The Group, which comprises businesses Kmart, Target and Catch, stated that it lost approximately 25% of store trading days during the period. 

As such, Kmart Group's revenue declined 9.6% to $4,917 million for the half, while earnings before significant items dropped 63.4% to $178 million. 

Meanwhile, combined Kmart and Target earnings declined 55.8% to $222 million for the half.

Speaking on the result, Wesfarmers MD Rob Scott said 

"[These results reflect] the significant impact of government-mandated store closures...as well as higher costs and lower stock availability as a result of domestic supply chain disruptions. 

"Relative to the Group’s other divisions, Kmart Group and Officeworks results were more significantly impacted by COVID-related disruptions during the half.

"Kmart Group in particular was affected by temporary store closures between July and October 2021.

"Across the Group’s retail businesses there were around 34,000 store trading days impacted by trading restrictions, representing almost 20% of total store trading days for the half.

"This included more than 20,000 store days for which stores were completely closed to customers.

"In addition, operating costs and stock availability were impacted by ongoing supply chain disruptions and elevated team member absenteeism

"The Group’s commitment to pay team members where there was no meaningful work during lockdowns and when they were required to isolate also led to additional costs during the half," he said. 

With stores closed, Kmart and Target's online sales lifted, with Wesfarmers reporting a 44% increase in digital sales for the retailers in the half. 

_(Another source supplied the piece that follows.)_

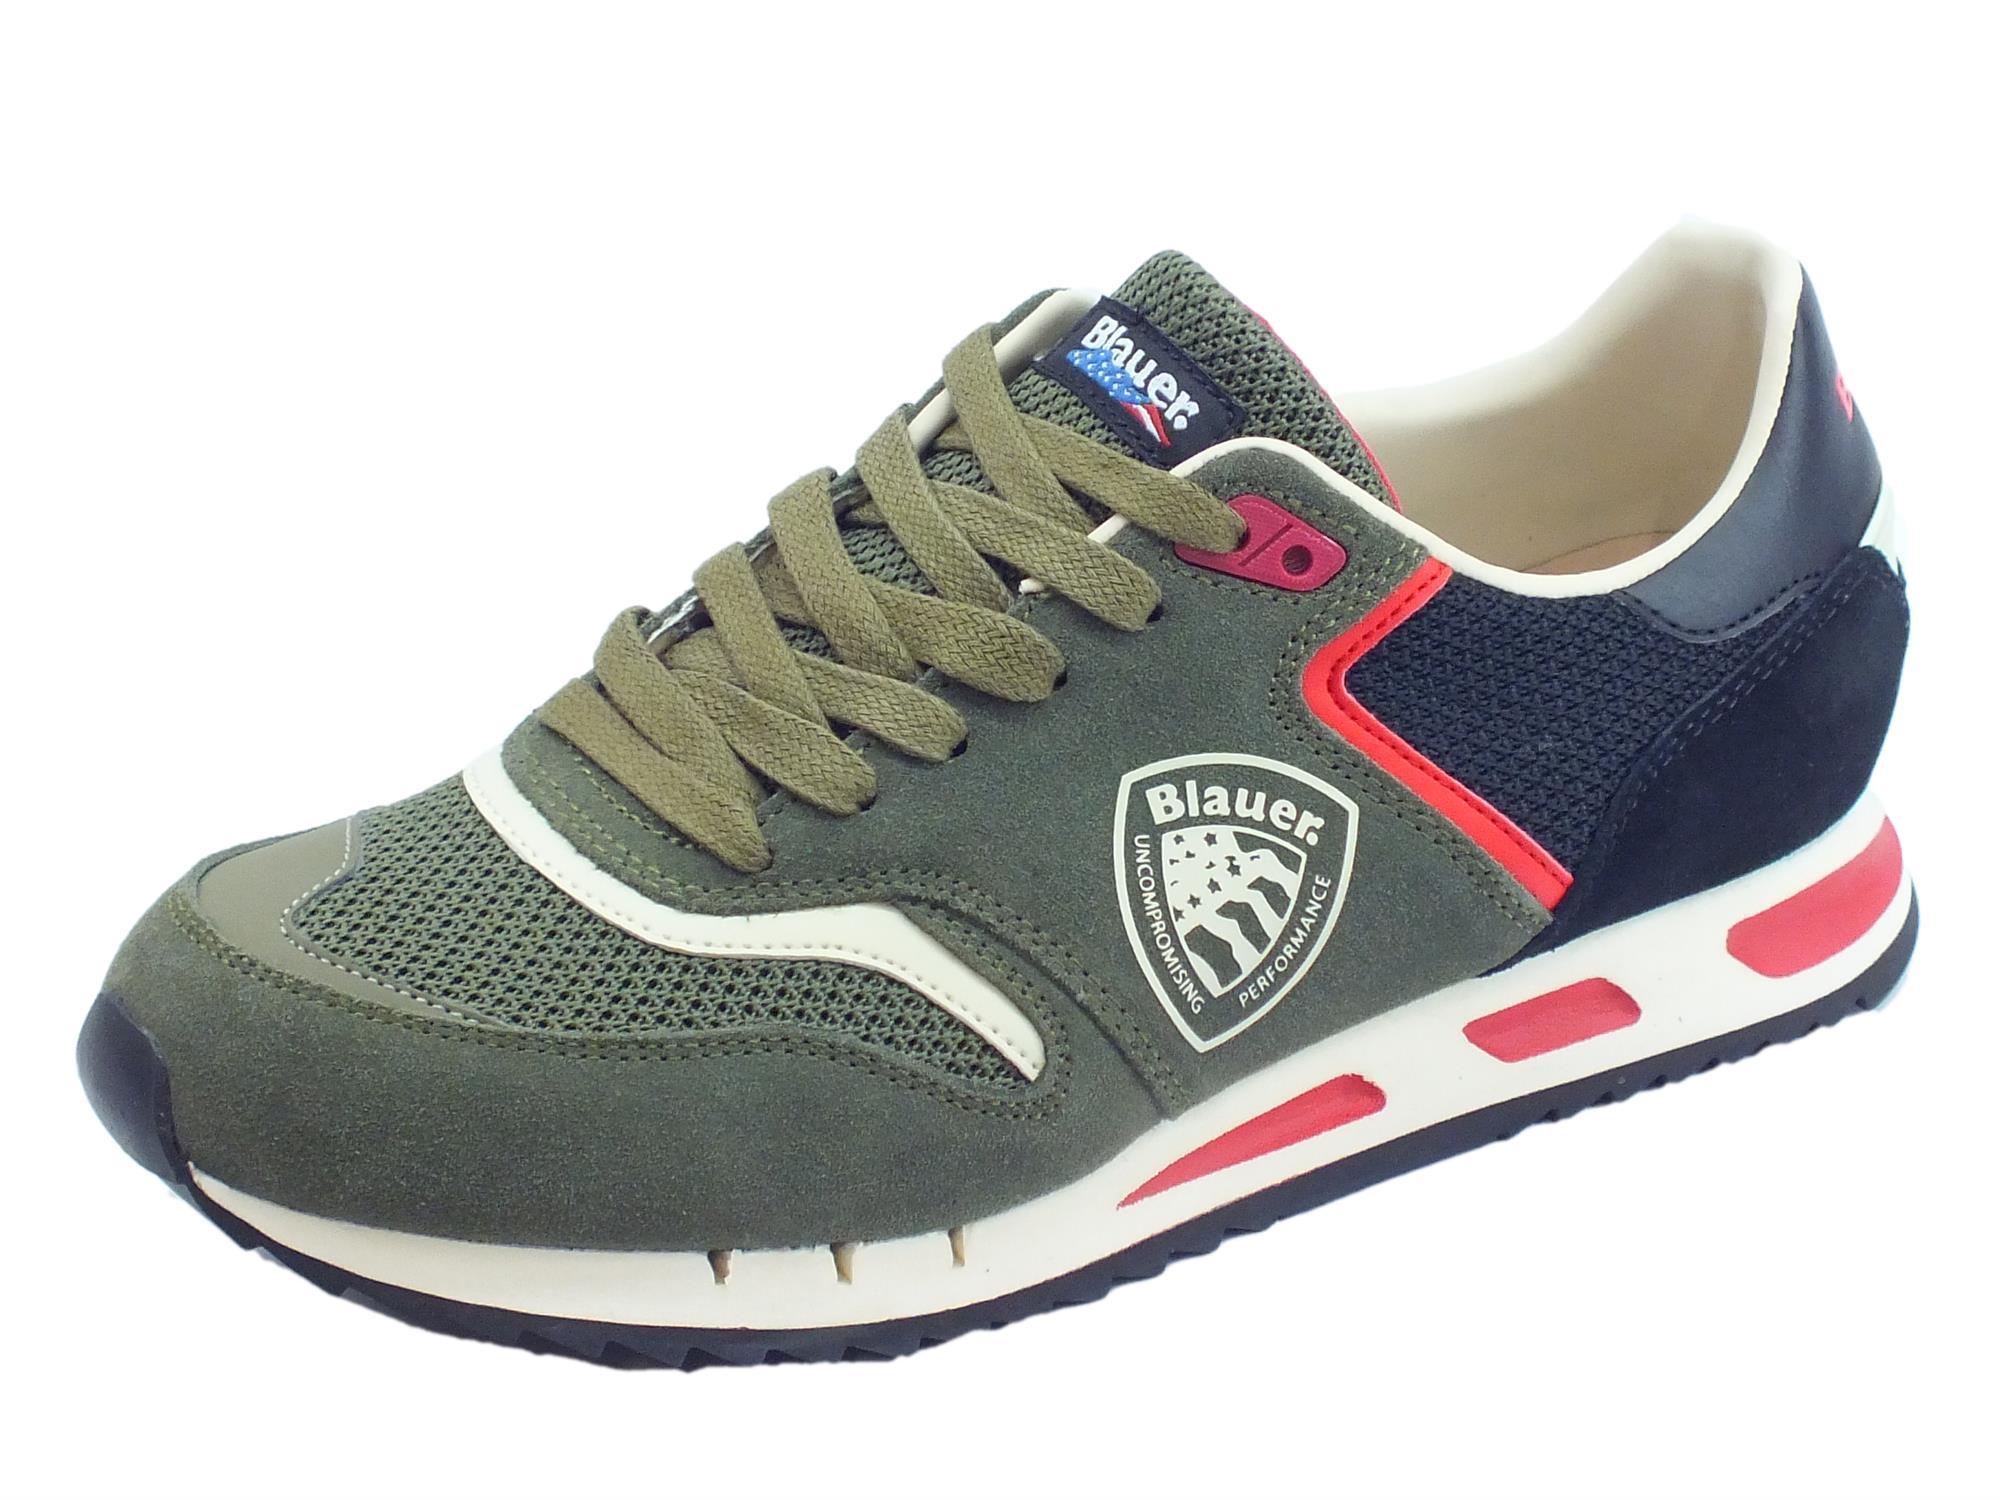 Blauer USA Memphis 06 scarpe sportive uomo military green
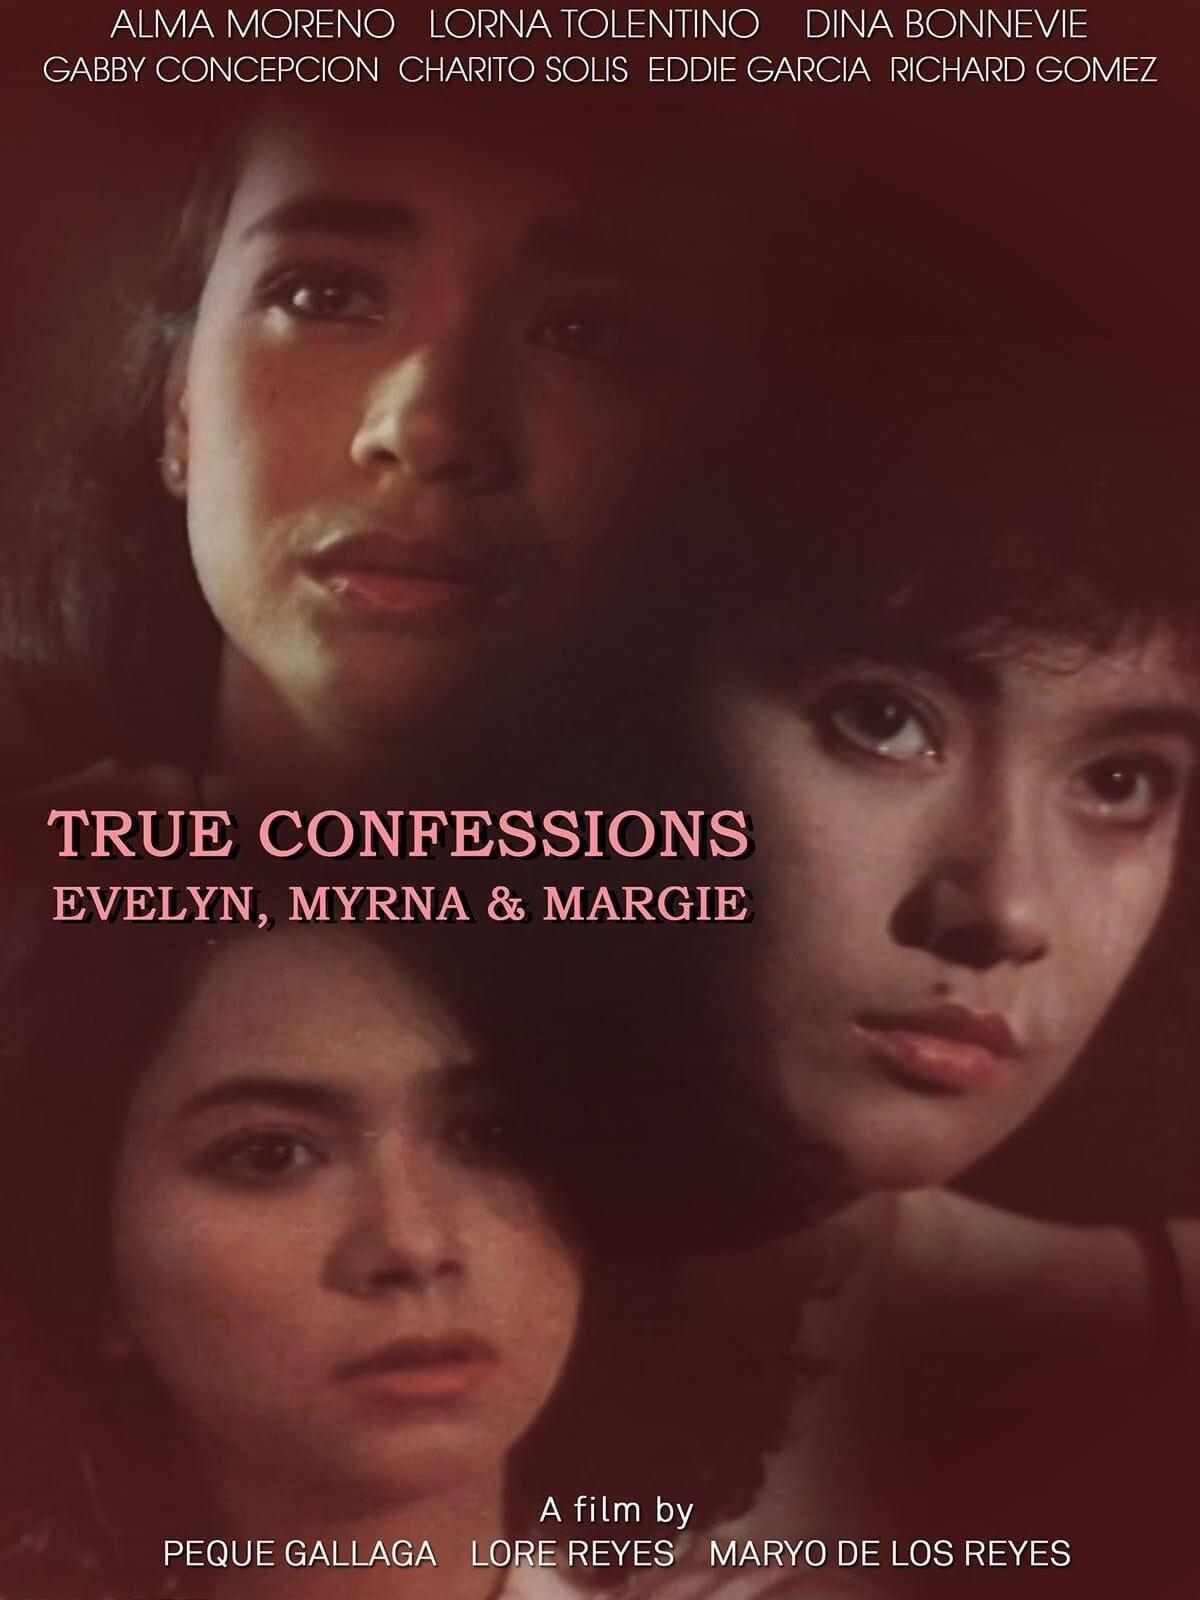 True Confessions: Evelyn, Myrna, & Margie

"Kmart and Target continued to invest in data and digital capabilities, and strong growth in online sales for the half reflected ongoing improvements to the digital experience for customers, as well as elevated online demand during lockdowns," Scott added. 

target-life-tested-2---feb-22.jpg
Image from Target's recent Life Tested campaign.

Wesfarmers also completed the restructure and closing of select Target stores during the half, with the business reporting that converted stores are performing at expected levels, adjusted for COVID lockdowns. 

Meanwhile, the Group's pureplay business Catch also reported lower earnings due to the investments in the team, technology, marketing and capabilities, as well as higher levels of inventory clearance compared to the year prior.  

During the period, Catch's gross transaction value increased 1.0% in H1 FY22, and 97.5% on a two-year basis. 

Scott added that the business has also made changes to Catch's subscription/loyalty service Club Catch. 

"Earlier this month, the Club Catch subscription program was rebranded and repositioned as a new program named OnePass, at a reduced monthly fee of $4 or annual price of $40," he said. 

"Subscribers will continue to enjoy free delivery on eligible items purchased from Catch, exclusive deals and OnePass-only pricing.

"This program will form the basis of a broader subscription program with opportunities to provide even greater value and convenience to customers across the Group.

"Work is underway on a broader set of benefits that will be available to OnePass subscribers when shopping across Wesfarmers’ retail businesses," Scott said. 

Going forward, Wesfarmers said its retail businesses will, "maintain their focus on meeting changing customer needs and delivering even greater value, quality and convenience for customers." 

The business will continue its investment into digital capabilities to enhance the retail brands' online offering, expand the addressable markets and improve operating efficiencies.